Limitations & Future Work

  1. "Contextual mimicry" anomalies remain difficult: Events such as burglary versus normal entry are nearly visually indistinguishable, likely requiring longer-range temporal reasoning.
  2. Dependence on the MLLM backbone's video understanding capacity: If the underlying MLLM has limited comprehension of video content, geometric correction may be insufficient.
  3. Evaluated only on VAD: The generality of the framework remains to be validated on other video understanding tasks.
  4. Constraint of anomaly definition: The approach relies heavily on a small amount of labeled data to define "anomaly." Open-set detection of entirely novel anomaly types, while theoretically supported (72.21% AUC on UBnormal), still leaves room for improvement.

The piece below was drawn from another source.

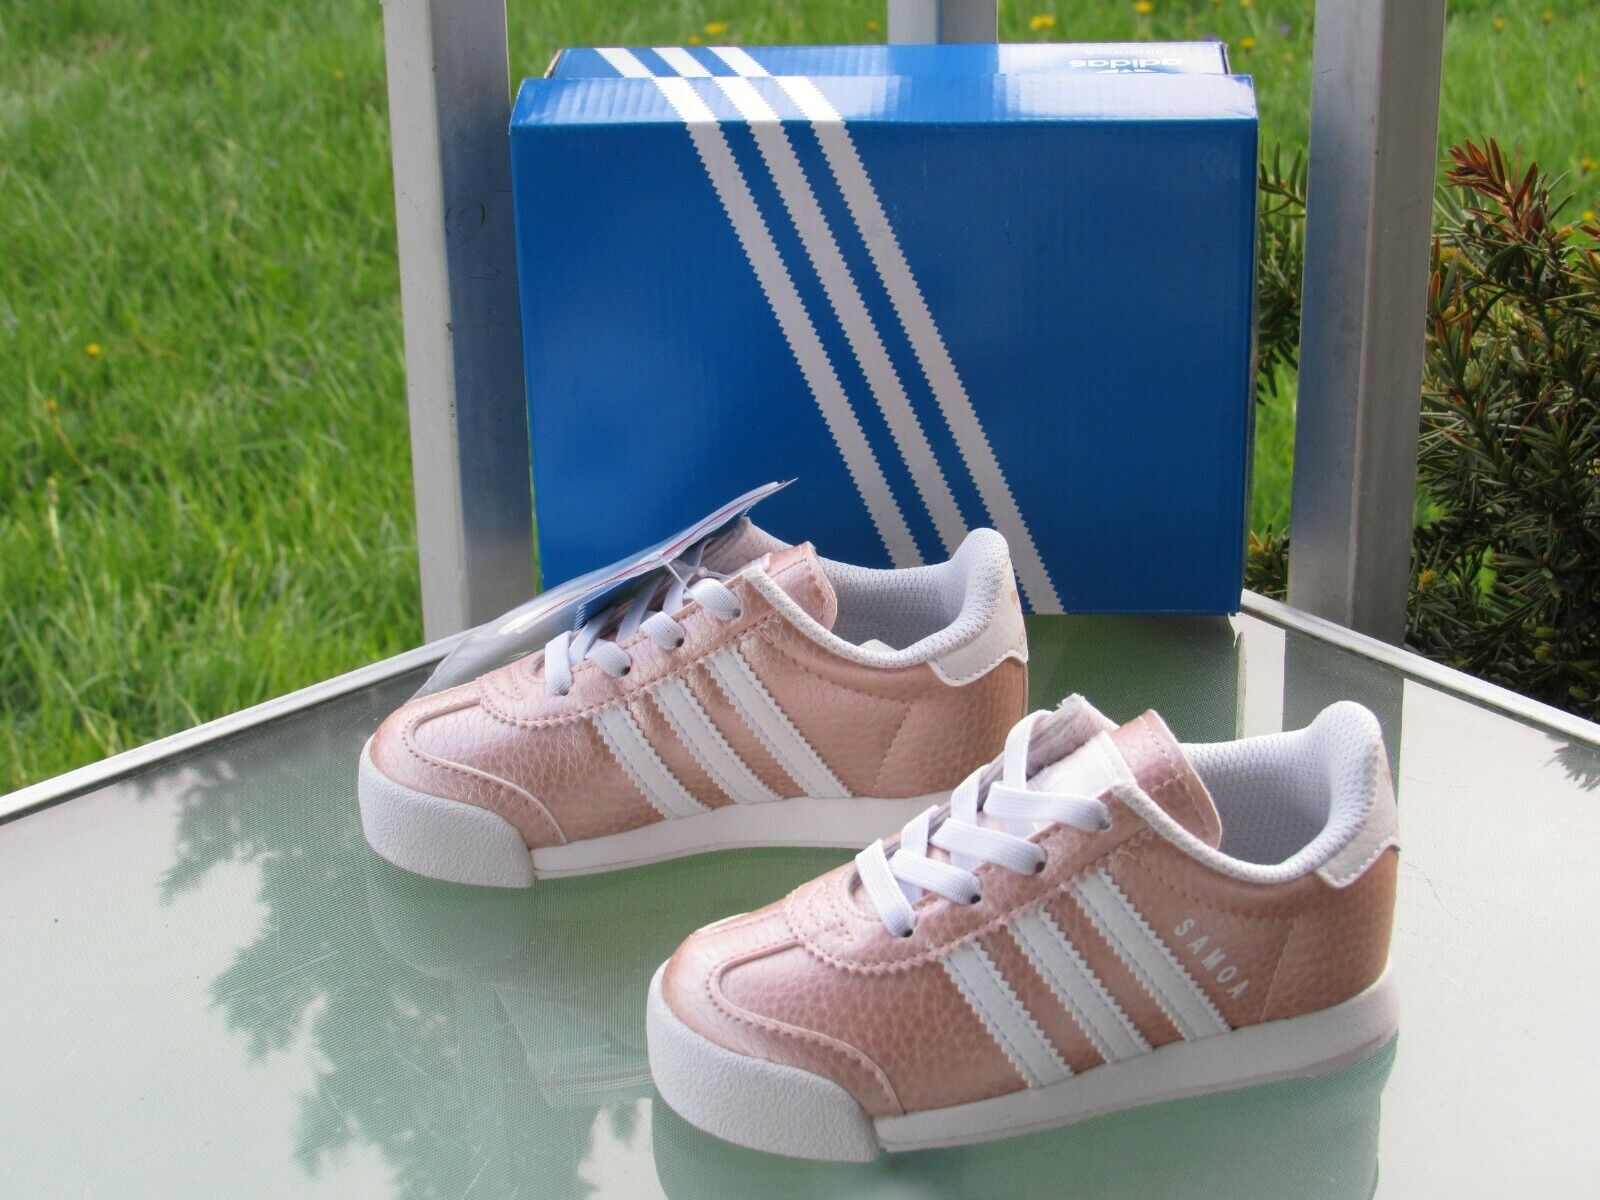 adidas Originals Samoa I Metallic Pink Ortholite Sneakers Little Girls size 7K

  • Mechanistic interpretability: The paper analyzes and intervenes on internal attention heads as "functional circuits," aligning closely with the mechanistic interpretability research direction.
  • Model editing: Unlike knowledge editing, this method does not modify model weights; instead, it dynamically rectifies representations at inference time.

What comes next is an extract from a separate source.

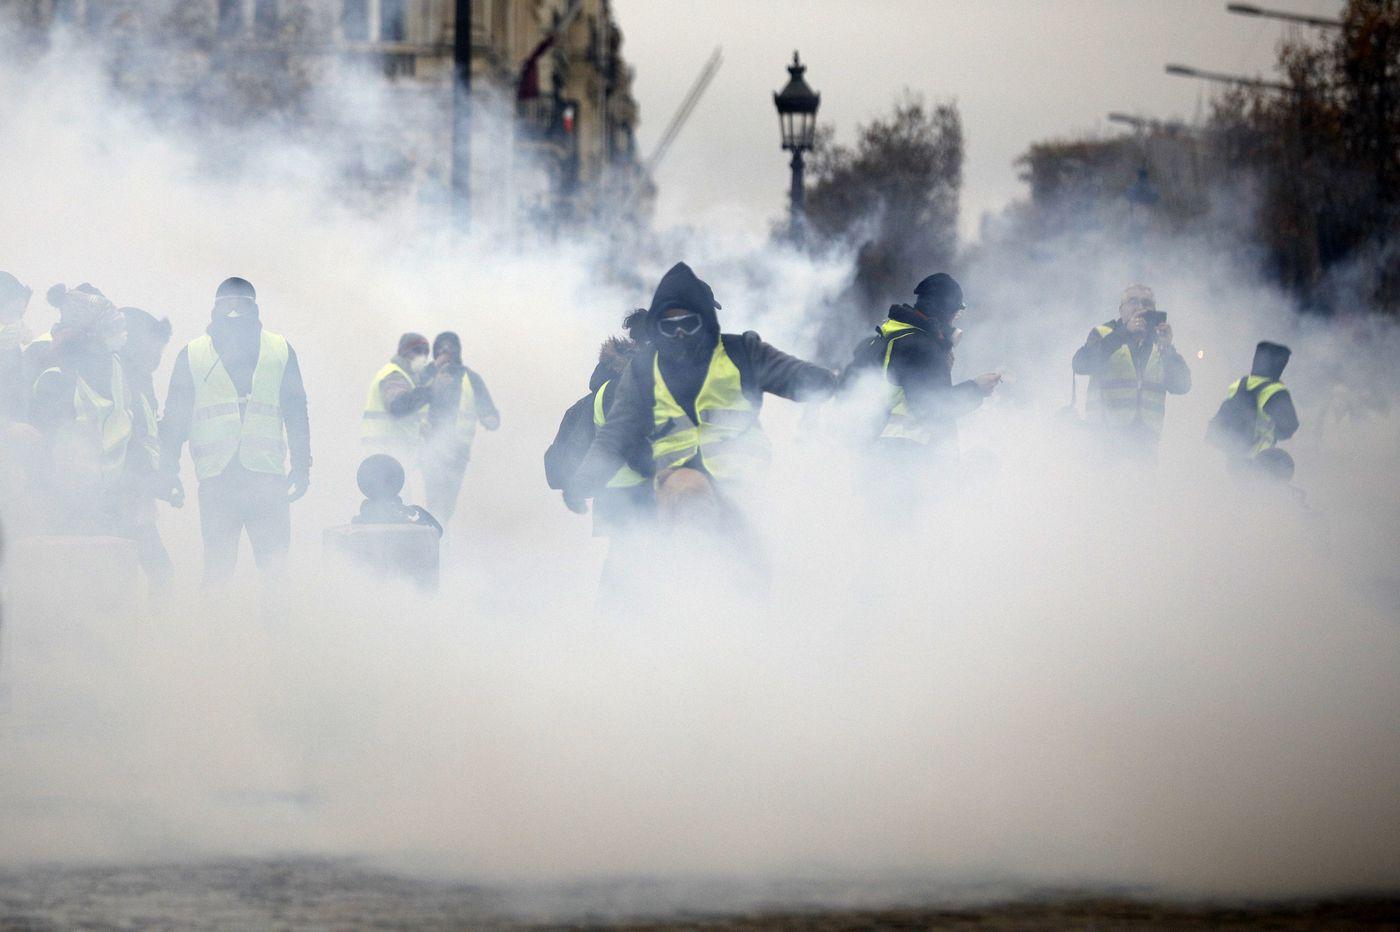 Worst riot in a decade engulfs Paris; Macron vows action

  • Broader implications: The core idea—"identify critical internal modules + dynamic context-aware correction"—is generalizable to other downstream tasks requiring adaptation of frozen large models.

Rating

  • Novelty: ⭐⭐⭐⭐⭐ — Paradigm-shifting; first to introduce geometric intervention into frozen MLLM-based VAD.

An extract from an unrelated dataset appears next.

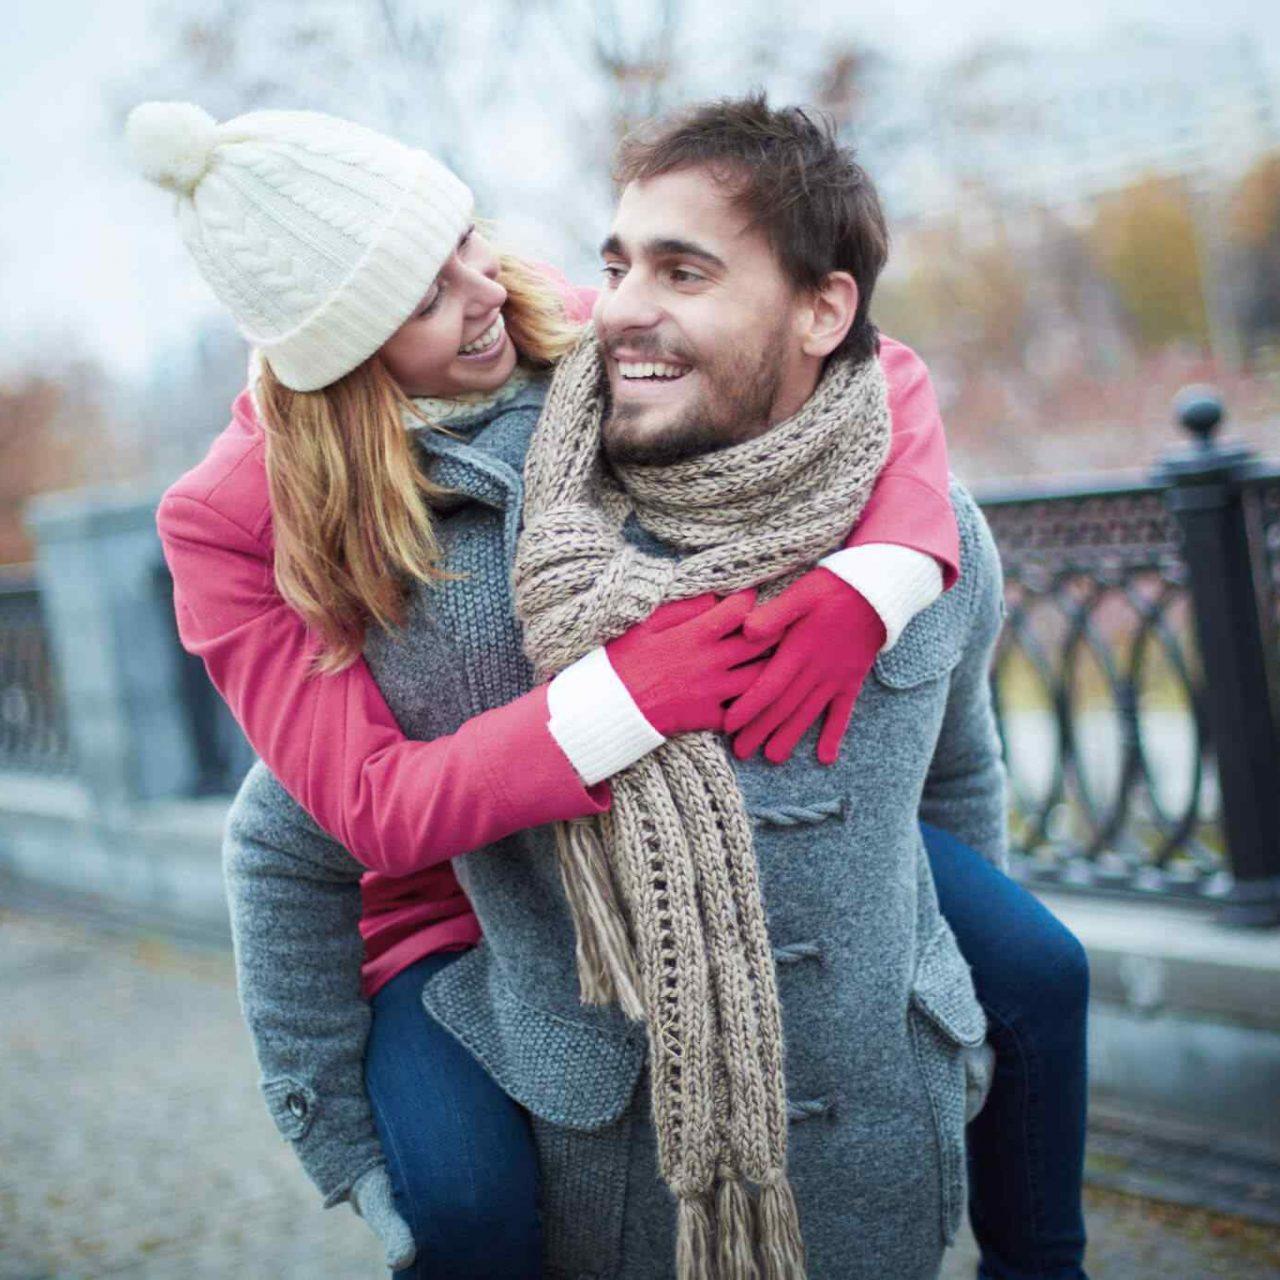 http://gotitasdepoliamor.com/wp-content/uploads/2018/01/img-event-marriage-01-1280x1280.jpg

  • Experimental Thoroughness: ⭐⭐⭐⭐⭐ — Comprehensive ablations, detailed stability analysis, 10-seed / cross-dataset / cross-model evaluations.
  • Writing Quality: ⭐⭐⭐⭐⭐ — Theory and experiments are clearly presented; appendix is exceptionally detailed.
  • Value: ⭐⭐⭐⭐ — Strong practical utility, though currently limited to the VAD setting.